The last type of call was often from immigrant kids, who protective services would never consider abused, but who faced dire consequences if their families discovered their pregnancies. We had one Ethiopian 17 year-old, a girl with a full college scholarship, who faced being sent back to Africa, denied the chance to go to school, and “circumcision.” She was quite forceful. She told us about a beloved cousin, who when faced with the same situation had been persuaded to tell her parents by a “crisis” pregnancy center; the cousin was gone. Her parents had arranged for her “treatment” in Ethiopia and for her marriage there.
I even sent a girl to Kansas once; she was a marathon runner and a track star. She lost her period every year during training season and so really did not know she was pregnant until the middle of the second trimester. Her parents were hard core religious, and she knew that they would turn her out on the streets no matter what happened with the pregnancy. She didn’t want to be homeless.
None of these teens get to speak out, it wouldn’t be safe for them to. We get to pass laws that endanger their lives, but they can’t protest.
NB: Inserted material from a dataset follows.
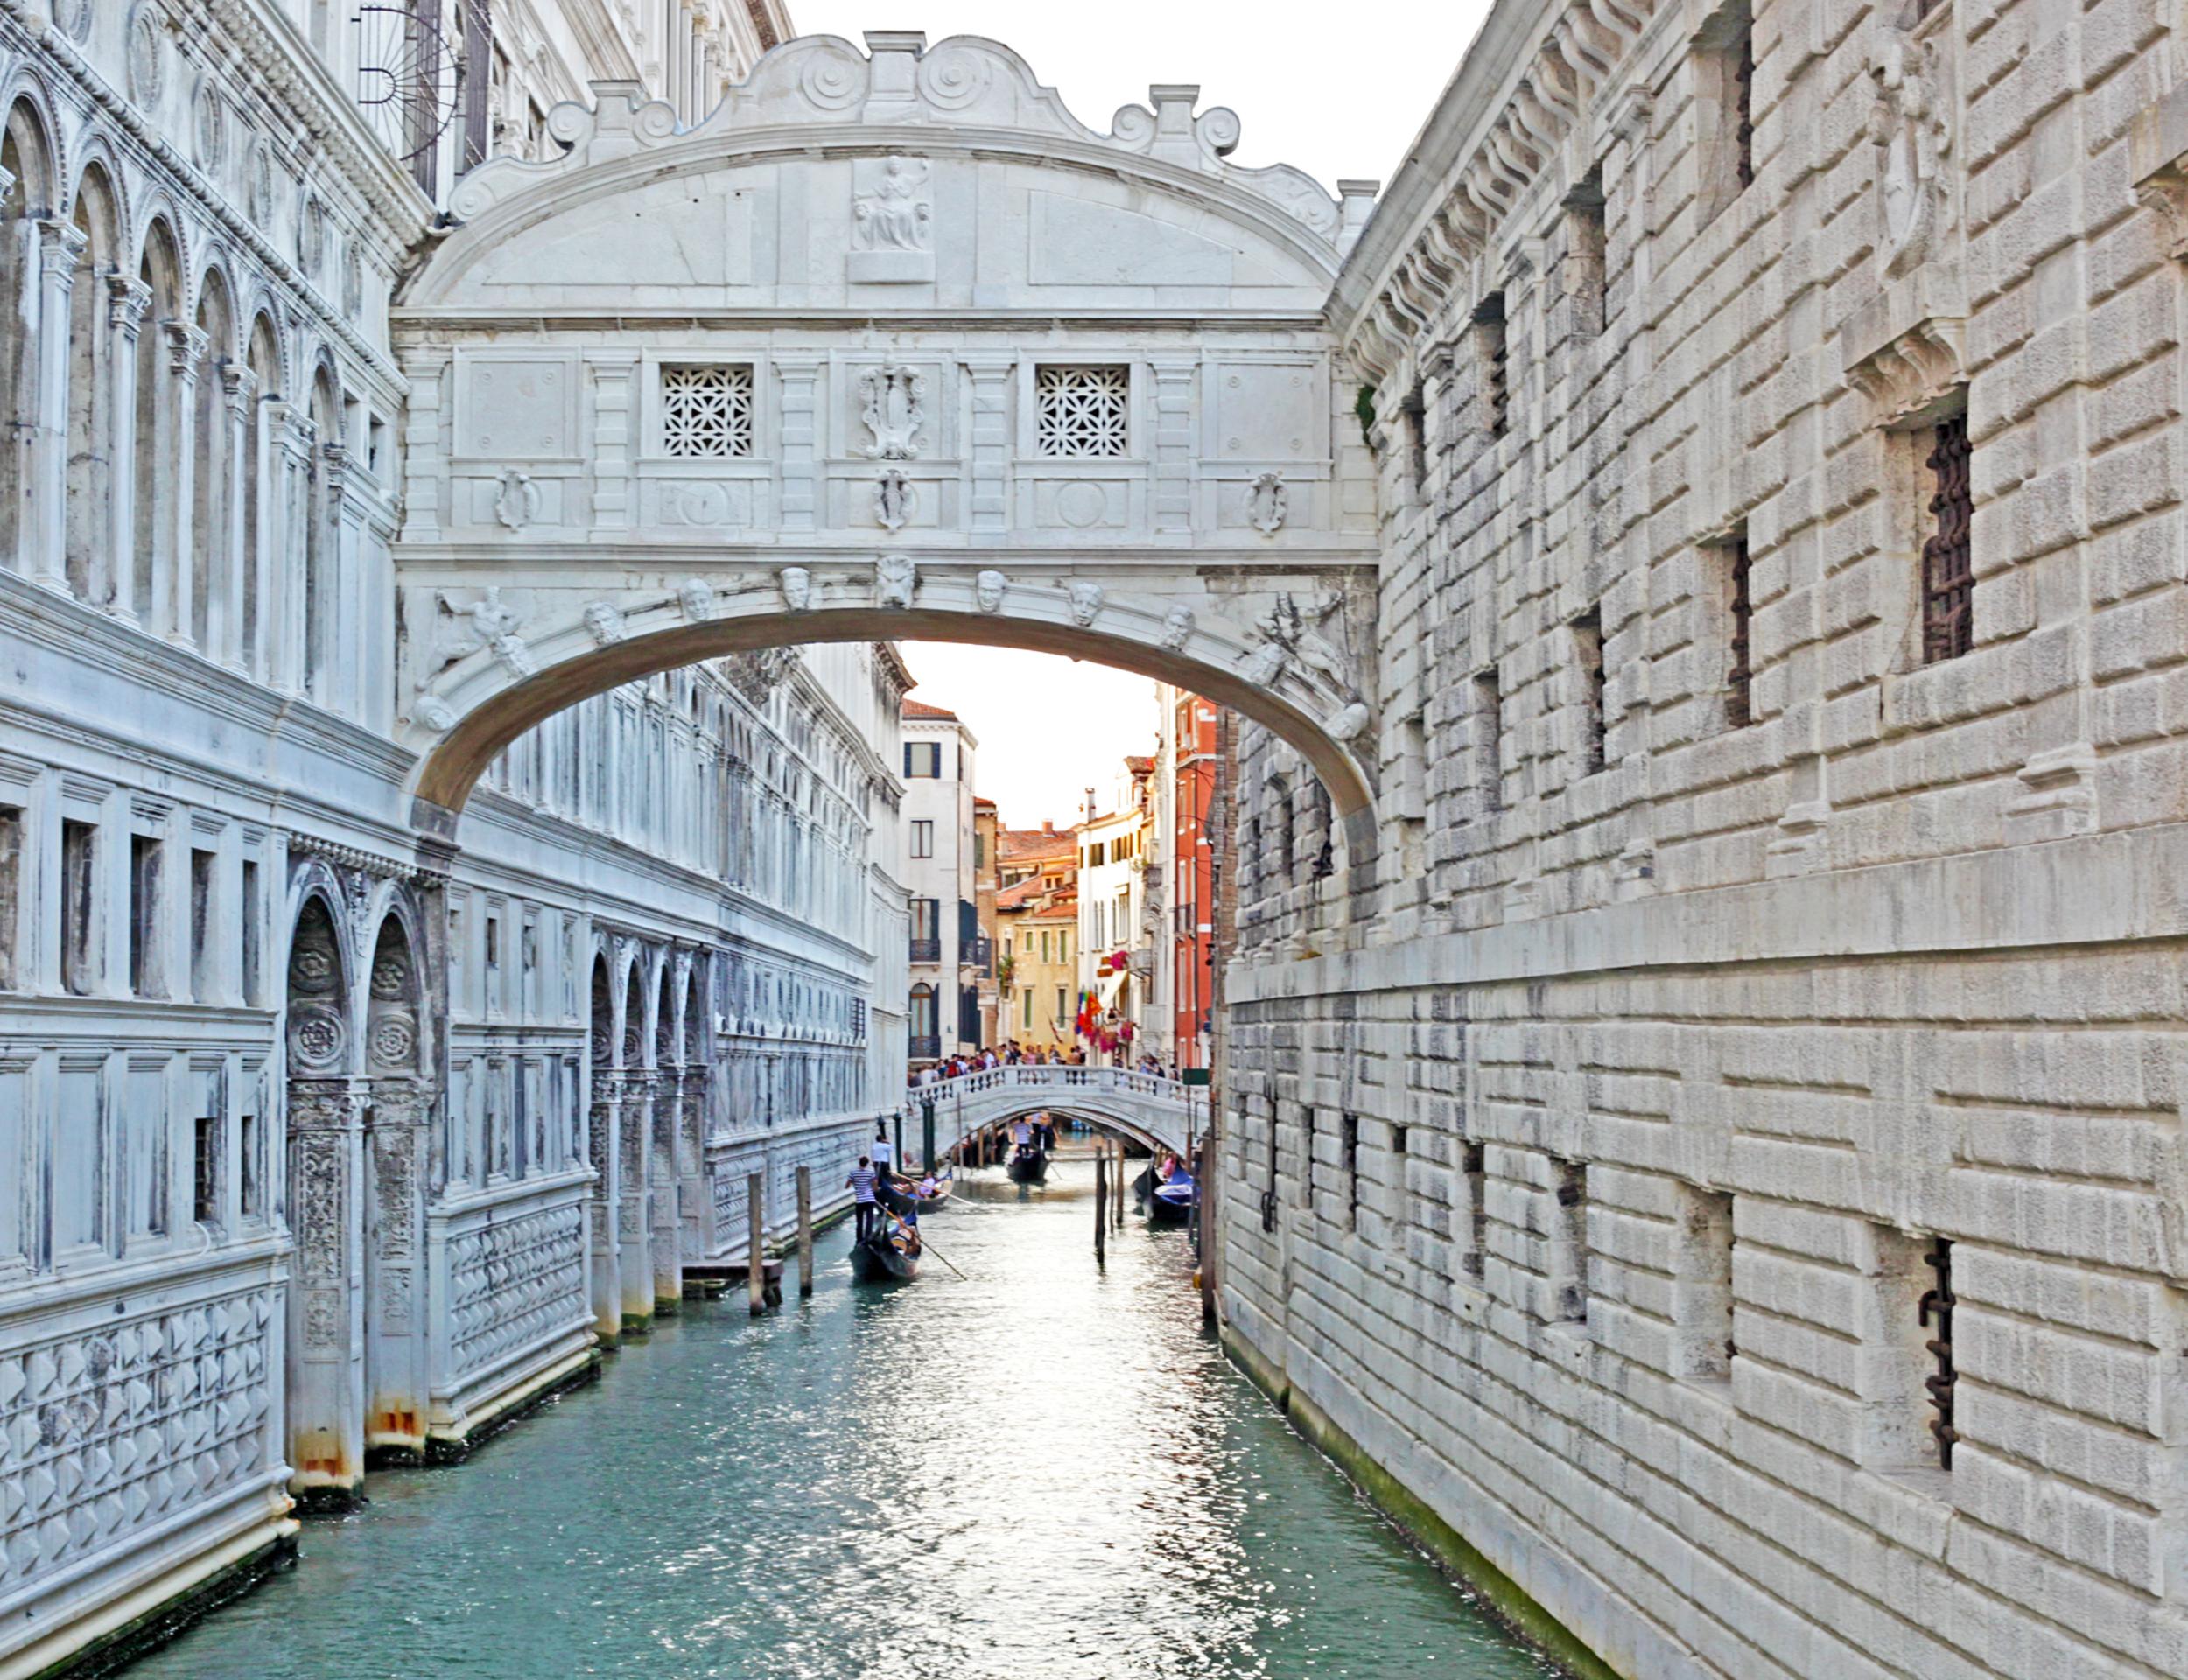 Пешая экскурсия по Венеции с гидом, вход без очереди в собор Святого Марка и прогулка на гондоле

I worked for them, tried to protect them, but have always kept a slight veil of anonymity because I’m afraid of the personal and professional consequences of doing the right thing, of talking about doing the right thing, in a world that bombastically declares it wrong.
I know I am helping the right-wing make something private into something shameful by being discrete. But I don’t have a T.V. show, I don’t have security guards, all I have is the residual fear that somewhere there is a man with a gun, looking for our office, who is absolutely certain he has the right to shoot me, because I help teenagers get abortions.
When in this “debate” do my deep convictions get honored?